QTN-VQC: An End-to-End Learning framework for Quantum Neural Networks
This work addresses the problem of fully quantum learning tasks for researchers in quantum machine learning, but it appears incremental as it builds on existing quantum embedding and variational quantum circuit methods.
The paper tackles the challenge of designing quantum neural networks for noisy intermediate-scale quantum computers by proposing QTN-VQC, an end-to-end learning framework that uses a trainable quantum tensor network for quantum embedding on a variational quantum circuit, and demonstrates advantages over other quantum embedding approaches on the MNIST dataset.
The advent of noisy intermediate-scale quantum (NISQ) computers raises a crucial challenge to design quantum neural networks for fully quantum learning tasks. To bridge the gap, this work proposes an end-to-end learning framework named QTN-VQC, by introducing a trainable quantum tensor network (QTN) for quantum embedding on a variational quantum circuit (VQC).
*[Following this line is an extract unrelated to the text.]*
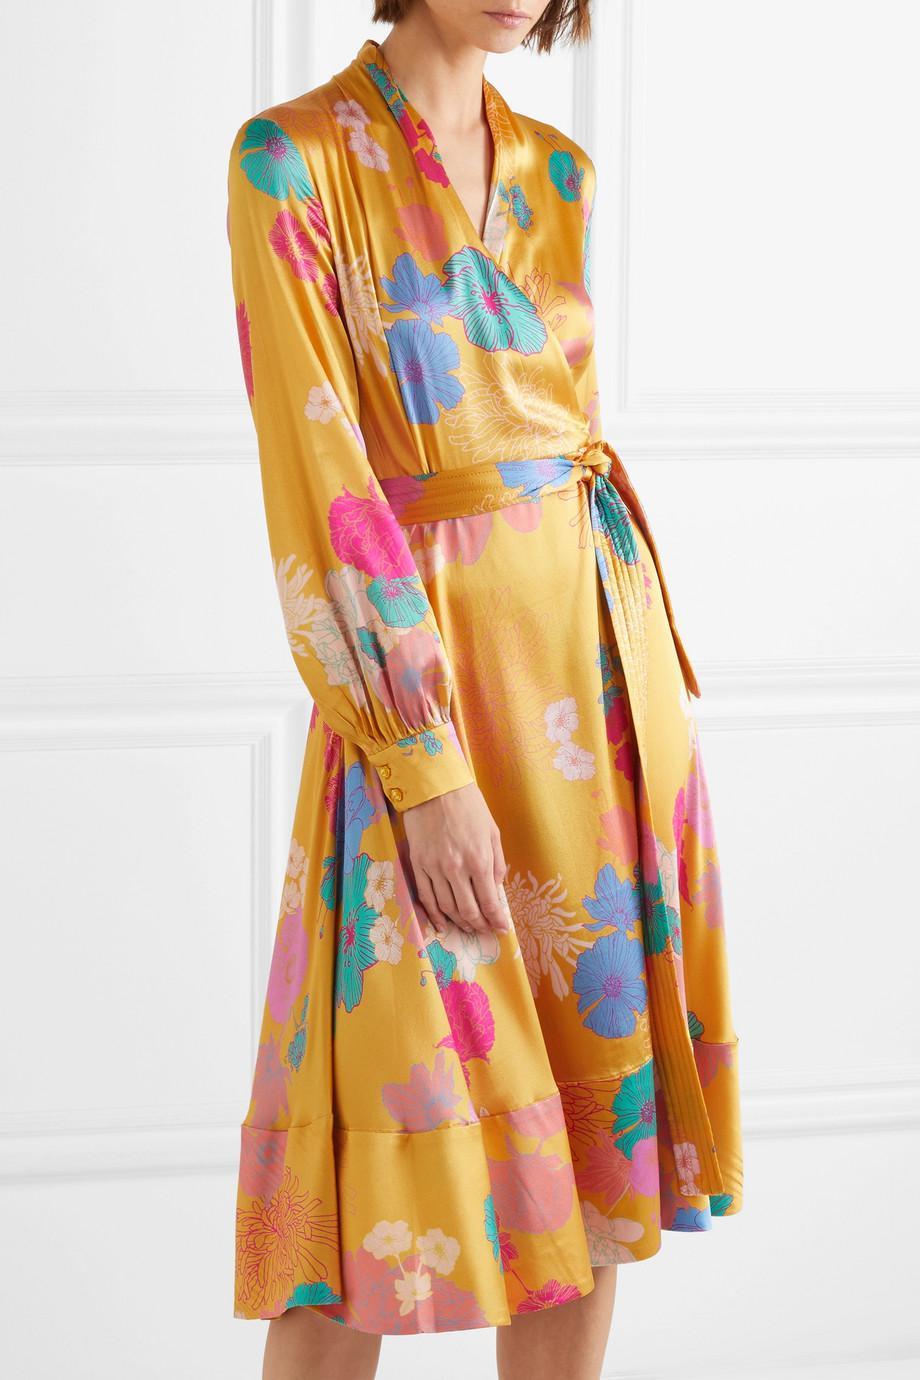 Reflection Floral-print Silk-blend Satin Wrap Dress - Marigold Stine Goya Order Cheap Online Free Shipping New Arrival Outlet Big Discount Ah98ihhnxD

The architecture of QTN is composed of a parametric tensor-train network for feature extraction and a tensor product encoding for quantum embedding. We highlight the QTN for quantum embedding in terms of two perspectives: (1) we theoretically characterize QTN by analyzing its representation power of input features; (2) QTN enables an end-to-end parametric model pipeline, namely QTN-VQC, from the generation of quantum embedding to the output measurement. Our experiments on the MNIST dataset demonstrate the advantages of QTN for quantum embedding over other quantum embedding approaches.